__Task directions__:
Your answer must be an exact transcription of every record.

***** Data provided

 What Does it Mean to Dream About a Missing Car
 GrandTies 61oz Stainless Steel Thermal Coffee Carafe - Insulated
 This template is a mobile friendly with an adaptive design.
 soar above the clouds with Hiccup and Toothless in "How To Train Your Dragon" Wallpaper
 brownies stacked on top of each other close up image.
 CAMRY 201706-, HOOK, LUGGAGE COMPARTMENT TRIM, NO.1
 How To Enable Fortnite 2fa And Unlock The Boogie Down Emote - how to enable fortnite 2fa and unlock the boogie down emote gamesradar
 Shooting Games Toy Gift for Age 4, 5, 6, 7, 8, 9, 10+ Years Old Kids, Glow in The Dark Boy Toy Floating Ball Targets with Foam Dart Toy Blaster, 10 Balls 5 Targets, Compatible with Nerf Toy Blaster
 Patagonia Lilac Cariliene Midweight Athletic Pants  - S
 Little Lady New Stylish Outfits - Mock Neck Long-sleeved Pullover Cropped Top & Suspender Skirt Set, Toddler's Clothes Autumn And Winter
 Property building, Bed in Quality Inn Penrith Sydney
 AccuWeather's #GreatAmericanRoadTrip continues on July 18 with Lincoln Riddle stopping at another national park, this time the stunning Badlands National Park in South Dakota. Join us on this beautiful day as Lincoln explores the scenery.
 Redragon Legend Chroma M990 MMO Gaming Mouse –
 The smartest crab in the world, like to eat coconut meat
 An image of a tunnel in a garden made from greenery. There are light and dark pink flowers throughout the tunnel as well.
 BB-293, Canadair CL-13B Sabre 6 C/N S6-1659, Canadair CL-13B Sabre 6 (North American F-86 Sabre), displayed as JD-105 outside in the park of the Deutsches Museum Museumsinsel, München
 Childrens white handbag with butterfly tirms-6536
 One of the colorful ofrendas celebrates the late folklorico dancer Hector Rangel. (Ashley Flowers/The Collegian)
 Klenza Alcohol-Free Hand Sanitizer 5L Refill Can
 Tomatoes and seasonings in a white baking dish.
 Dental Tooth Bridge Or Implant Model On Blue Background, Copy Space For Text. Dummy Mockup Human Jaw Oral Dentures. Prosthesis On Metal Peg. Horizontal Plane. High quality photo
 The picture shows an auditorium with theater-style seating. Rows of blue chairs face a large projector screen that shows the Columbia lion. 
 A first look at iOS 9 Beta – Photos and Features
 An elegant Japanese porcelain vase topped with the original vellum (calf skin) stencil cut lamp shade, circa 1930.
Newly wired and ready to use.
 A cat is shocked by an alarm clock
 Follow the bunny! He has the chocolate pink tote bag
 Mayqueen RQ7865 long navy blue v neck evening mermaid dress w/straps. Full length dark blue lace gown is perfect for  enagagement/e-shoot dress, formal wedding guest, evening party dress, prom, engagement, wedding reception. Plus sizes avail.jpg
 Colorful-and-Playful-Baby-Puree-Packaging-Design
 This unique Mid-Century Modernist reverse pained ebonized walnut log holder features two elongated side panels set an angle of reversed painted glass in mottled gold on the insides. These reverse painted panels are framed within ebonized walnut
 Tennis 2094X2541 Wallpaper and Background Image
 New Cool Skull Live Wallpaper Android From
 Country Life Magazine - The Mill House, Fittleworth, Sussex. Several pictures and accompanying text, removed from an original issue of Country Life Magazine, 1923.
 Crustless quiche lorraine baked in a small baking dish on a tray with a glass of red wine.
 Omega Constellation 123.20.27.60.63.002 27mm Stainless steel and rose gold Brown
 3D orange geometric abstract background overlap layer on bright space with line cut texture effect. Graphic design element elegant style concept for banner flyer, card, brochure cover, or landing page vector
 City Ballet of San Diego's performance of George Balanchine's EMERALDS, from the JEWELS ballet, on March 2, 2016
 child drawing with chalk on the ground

**********

__Answer for this exercise__:
 What Does it Mean to Dream About a Missing Car
 GrandTies 61oz Stainless Steel Thermal Coffee Carafe - Insulated
 This template is a mobile friendly with an adaptive design.
 soar above the clouds with Hiccup and Toothless in "How To Train Your Dragon" Wallpaper
 brownies stacked on top of each other close up image.
 CAMRY 201706-, HOOK, LUGGAGE COMPARTMENT TRIM, NO.1
 How To Enable Fortnite 2fa And Unlock The Boogie Down Emote - how to enable fortnite 2fa and unlock the boogie down emote gamesradar
 Shooting Games Toy Gift for Age 4, 5, 6, 7, 8, 9, 10+ Years Old Kids, Glow in The Dark Boy Toy Floating Ball Targets with Foam Dart Toy Blaster, 10 Balls 5 Targets, Compatible with Nerf Toy Blaster
 Patagonia Lilac Cariliene Midweight Athletic Pants  - S
 Little Lady New Stylish Outfits - Mock Neck Long-sleeved Pullover Cropped Top & Suspender Skirt Set, Toddler's Clothes Autumn And Winter
 Property building, Bed in Quality Inn Penrith Sydney
 AccuWeather's #GreatAmericanRoadTrip continues on July 18 with Lincoln Riddle stopping at another national park, this time the stunning Badlands National Park in South Dakota. Join us on this beautiful day as Lincoln explores the scenery.
 Redragon Legend Chroma M990 MMO Gaming Mouse –
 The smartest crab in the world, like to eat coconut meat
 An image of a tunnel in a garden made from greenery. There are light and dark pink flowers throughout the tunnel as well.
 BB-293, Canadair CL-13B Sabre 6 C/N S6-1659, Canadair CL-13B Sabre 6 (North American F-86 Sabre), displayed as JD-105 outside in the park of the Deutsches Museum Museumsinsel, München
 Childrens white handbag with butterfly tirms-6536
 One of the colorful ofrendas celebrates the late folklorico dancer Hector Rangel. (Ashley Flowers/The Collegian)
 Klenza Alcohol-Free Hand Sanitizer 5L Refill Can
 Tomatoes and seasonings in a white baking dish.
 Dental Tooth Bridge Or Implant Model On Blue Background, Copy Space For Text. Dummy Mockup Human Jaw Oral Dentures. Prosthesis On Metal Peg. Horizontal Plane. High quality photo
 The picture shows an auditorium with theater-style seating. Rows of blue chairs face a large projector screen that shows the Columbia lion. 
 A first look at iOS 9 Beta – Photos and Features
 An elegant Japanese porcelain vase topped with the original vellum (calf skin) stencil cut lamp shade, circa 1930.
Newly wired and ready to use.
 A cat is shocked by an alarm clock
 Follow the bunny! He has the chocolate pink tote bag
 Mayqueen RQ7865 long navy blue v neck evening mermaid dress w/straps. Full length dark blue lace gown is perfect for  enagagement/e-shoot dress, formal wedding guest, evening party dress, prom, engagement, wedding reception. Plus sizes avail.jpg
 Colorful-and-Playful-Baby-Puree-Packaging-Design
 This unique Mid-Century Modernist reverse pained ebonized walnut log holder features two elongated side panels set an angle of reversed painted glass in mottled gold on the insides. These reverse painted panels are framed within ebonized walnut
 Tennis 2094X2541 Wallpaper and Background Image
 New Cool Skull Live Wallpaper Android From
 Country Life Magazine - The Mill House, Fittleworth, Sussex. Several pictures and accompanying text, removed from an original issue of Country Life Magazine, 1923.
 Crustless quiche lorraine baked in a small baking dish on a tray with a glass of red wine.
 Omega Constellation 123.20.27.60.63.002 27mm Stainless steel and rose gold Brown
 3D orange geometric abstract background overlap layer on bright space with line cut texture effect. Graphic design element elegant style concept for banner flyer, card, brochure cover, or landing page vector
 City Ballet of San Diego's performance of George Balanchine's EMERALDS, from the JEWELS ballet, on March 2, 2016
 child drawing with chalk on the ground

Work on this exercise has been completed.